**PROBLEM:**
Below, find the line containing "Guitar Throw Pillow" and the line containing "Užitečná technologie Full"; reproduce exactly those two and every line between them, omitting pictures.

**DATA IN THIS EXERCISE:**
---

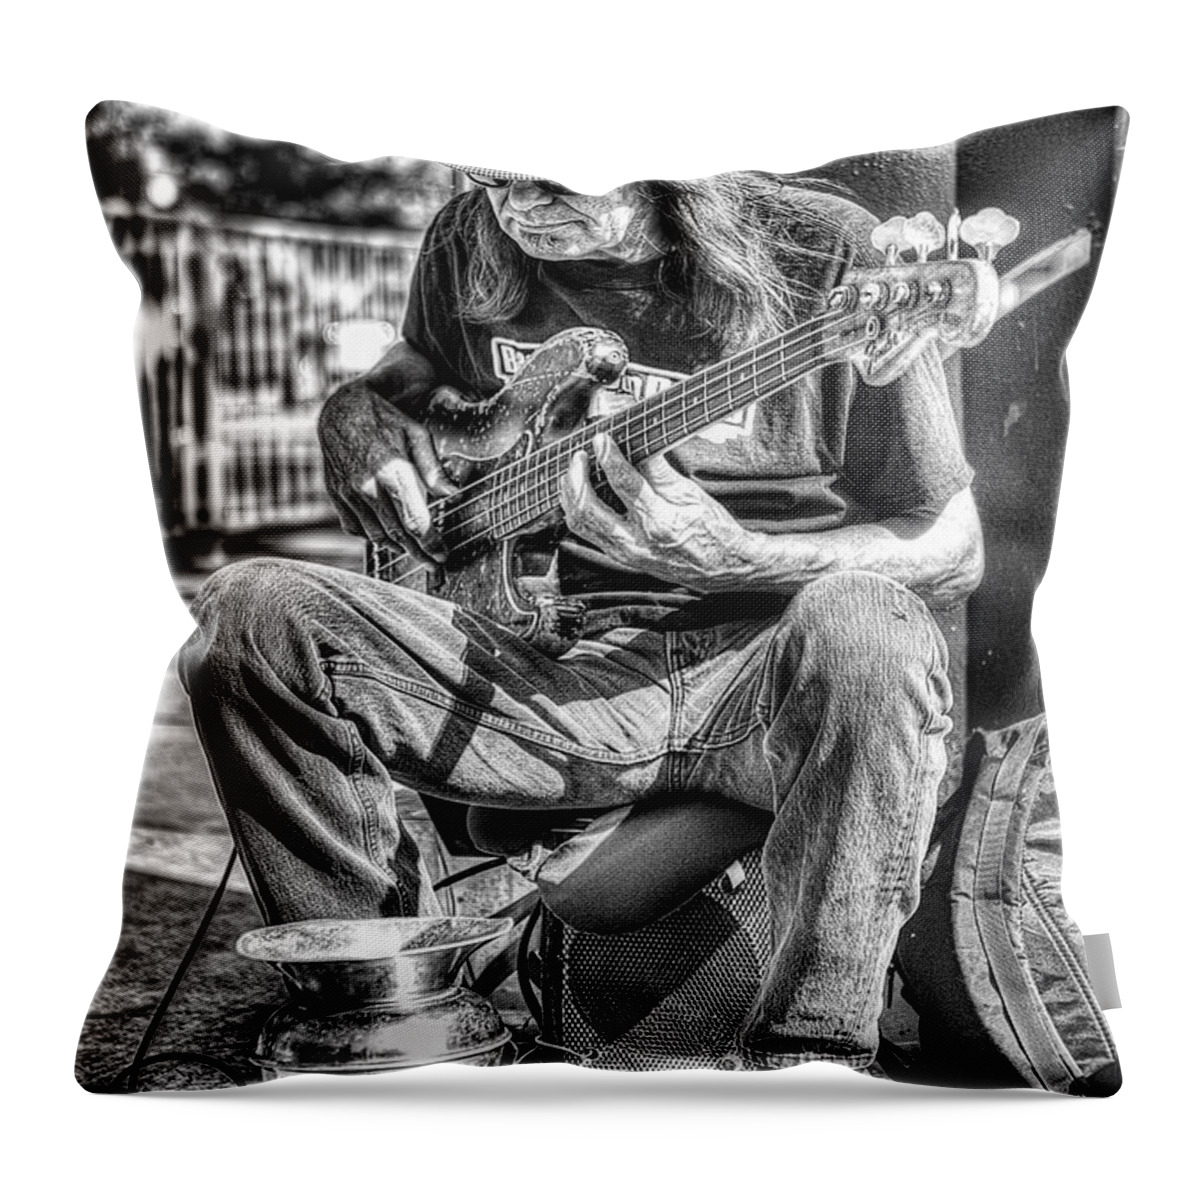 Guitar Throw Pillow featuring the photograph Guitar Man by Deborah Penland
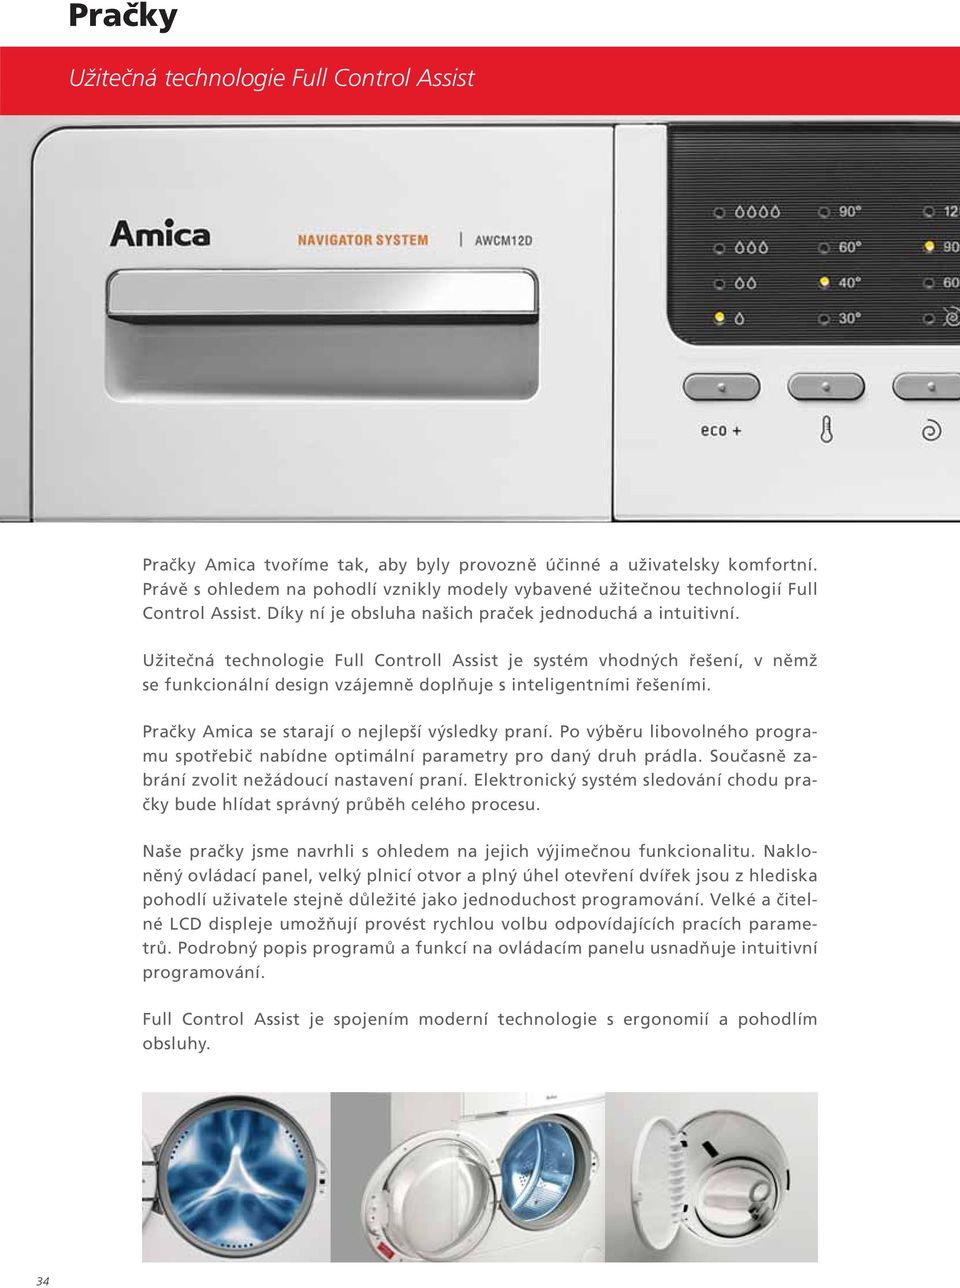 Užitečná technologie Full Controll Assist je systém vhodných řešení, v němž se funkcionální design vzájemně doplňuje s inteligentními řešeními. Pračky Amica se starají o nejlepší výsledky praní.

---

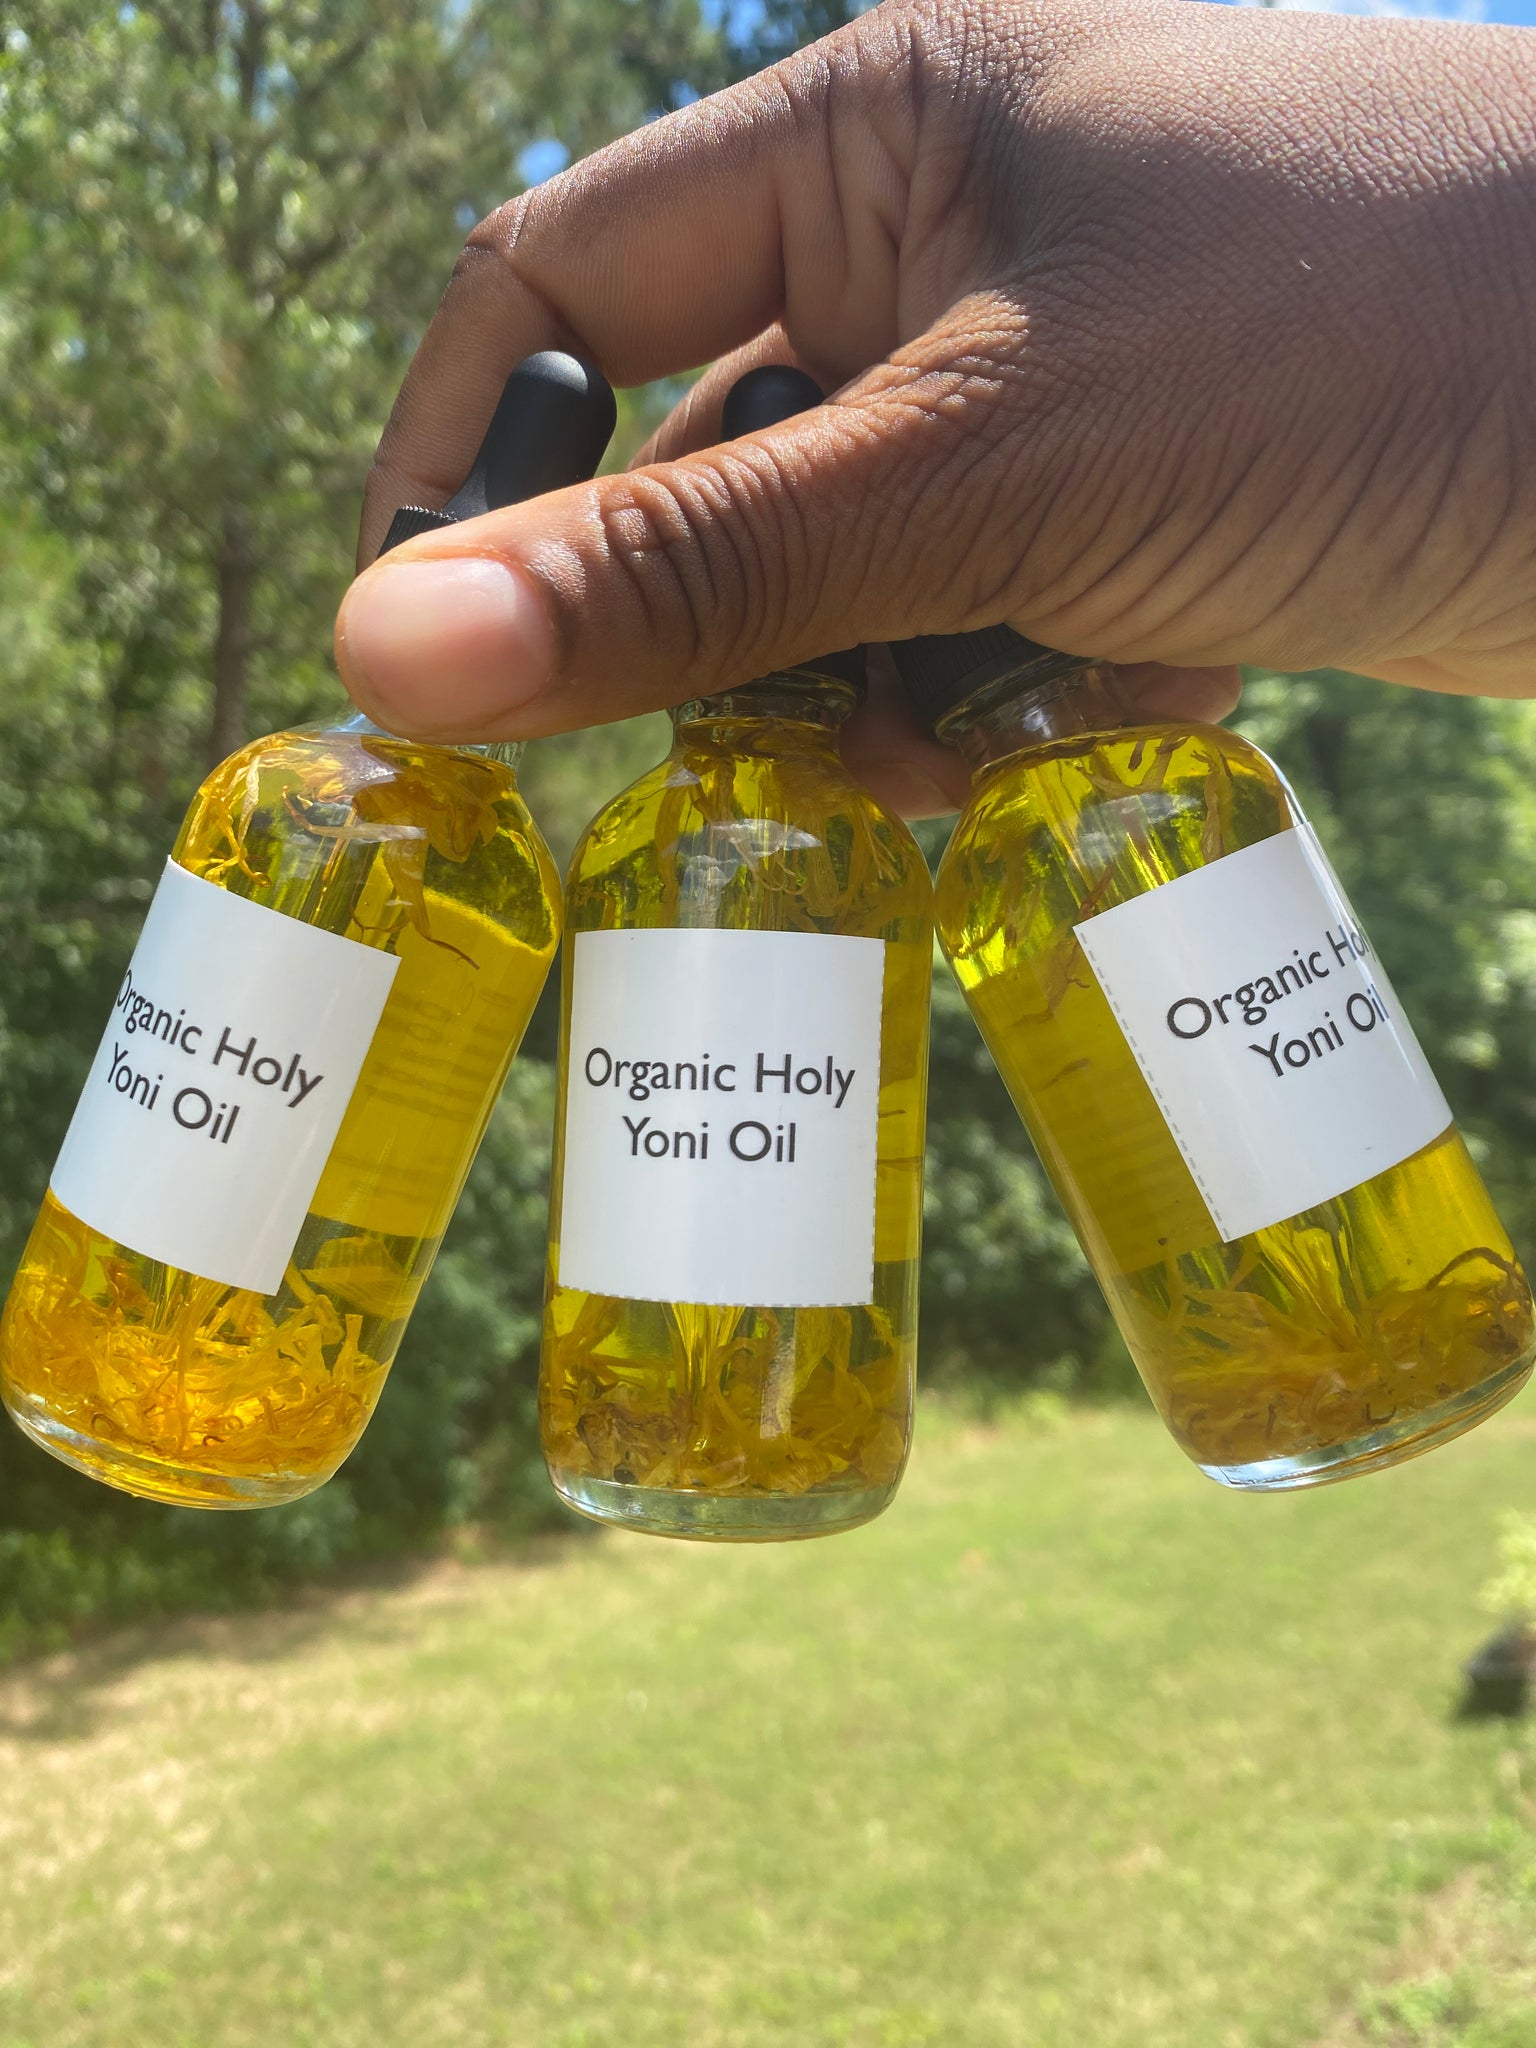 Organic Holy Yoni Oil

---

**ANSWER SPACE:**
 Guitar Throw Pillow featuring the photograph Guitar Man by Deborah Penland
 Užitečná technologie Full Controll Assist je systém vhodných řešení, v němž se funkcionální design vzájemně doplňuje s inteligentními řešeními. Pračky Amica se starají o nejlepší výsledky praní.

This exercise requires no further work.